X-Restormer++ employs a hierarchical transformer structure, derived from the Restormer and Restormer-Plus families [restormer], [restormerplus], optimized for high-resolution all-weather restoration. Key technical elements include:

  • Efficient Multi-Scale Transformer Backbone: The network is engineered to capture both global and local context efficiently via multi-headed self-attention and channel-wise fusion mechanisms, enhancing feature learning across spatial scales.
  • Adaptation for Real-World Adverse Conditions: Training benefited from large-scale, weather-specific datasets such as WeatherBench [weatherbench], ensuring robust performance on real-world image degradations.
  • Advanced Data Augmentation Schemes: The pipeline incorporates mixup [zhang2017mixup], synthetic weather synthesis, and pixel activation tricks [hat] to improve generalization and invariance.
  • Blind Restoration Capability: While some prior methods rely on explicit degradation labels, X-Restormer++ is designed for blind restoration, enabling fully automatic handling of diverse weather scenarios without per-condition tuning.

Comparative Results

The paper reports substantial improvements over previous transformer-based and convolutional approaches on benchmark all-weather restoration tasks. On the UG2+ CVPR 2026 leaderboard, X-Restormer++ outperformed all competing solutions, demonstrating statistically significant gains across PSNR and SSIM metrics for rain, fog, snow, and mixed-weather conditions.

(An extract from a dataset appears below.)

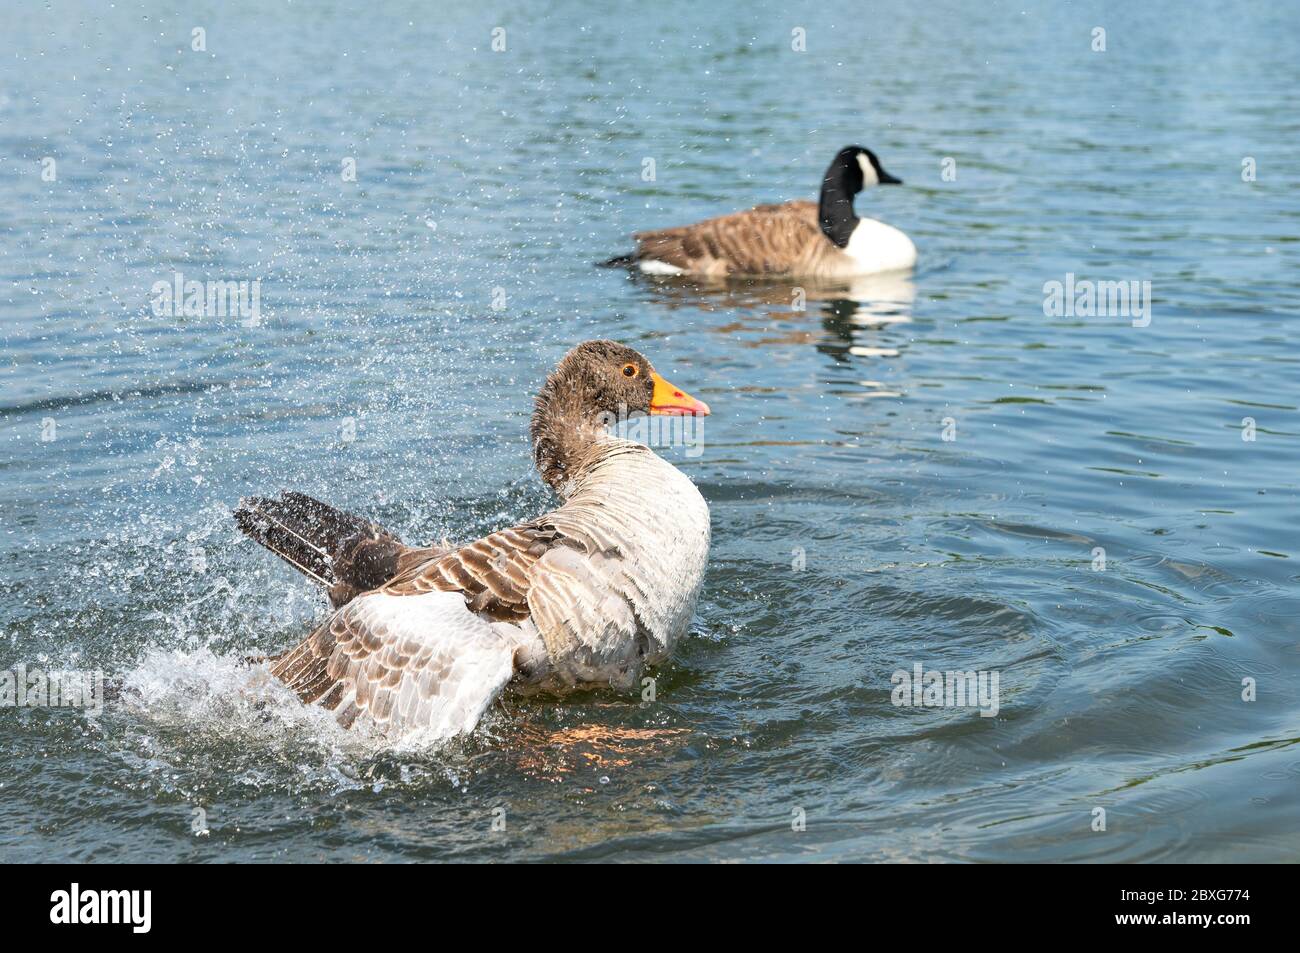 The greylag goose splashing its wings in the water. Stock Photo

Notably, the method’s performance remains consistent in genuinely blind settings, where weather type is unknown. The results highlight the superiority of the multi-scale transformer when combined with well-curated weather datasets and augmentation. Robustness to distribution shift and operational efficiency for high-res images are emphasized as strong claims.

Implications and Future Work

X-Restormer++ exemplifies the potential of advanced backbone architectures and massive, weather-diversified training corpora for all-weather restoration. The approach delivers practical benefit for high-fidelity imaging systems, as in autonomous vehicles and surveillance, where real-world weather exerts strong variability and risk.

The findings suggest further exploration in several directions:

  • Scaling restoration models with foundation-scale datasets [li2025foundir], including more weather modalities and realistic degradations.
  • Integrating generative diffusion priors for refinement [lin2024diffbir].
  • Closing the loop between restoration and downstream perception, such as detection and segmentation, to develop synergistic, end-to-end pipelines.
  • Extending transformer-based restoration to video and temporal sequences under adverse conditions.

Conclusion

X-Restormer++ establishes a new benchmark for all-weather image restoration, combining an efficient transformer backbone, massive weather data, and blind restoration strategies. The methodology demonstrates clear gains in restoration quality for multiple adverse weather types, with practical significance for robust vision systems in the wild. The architectural and pipeline innovations provide a foundation for future research in scalable, general-purpose image restoration.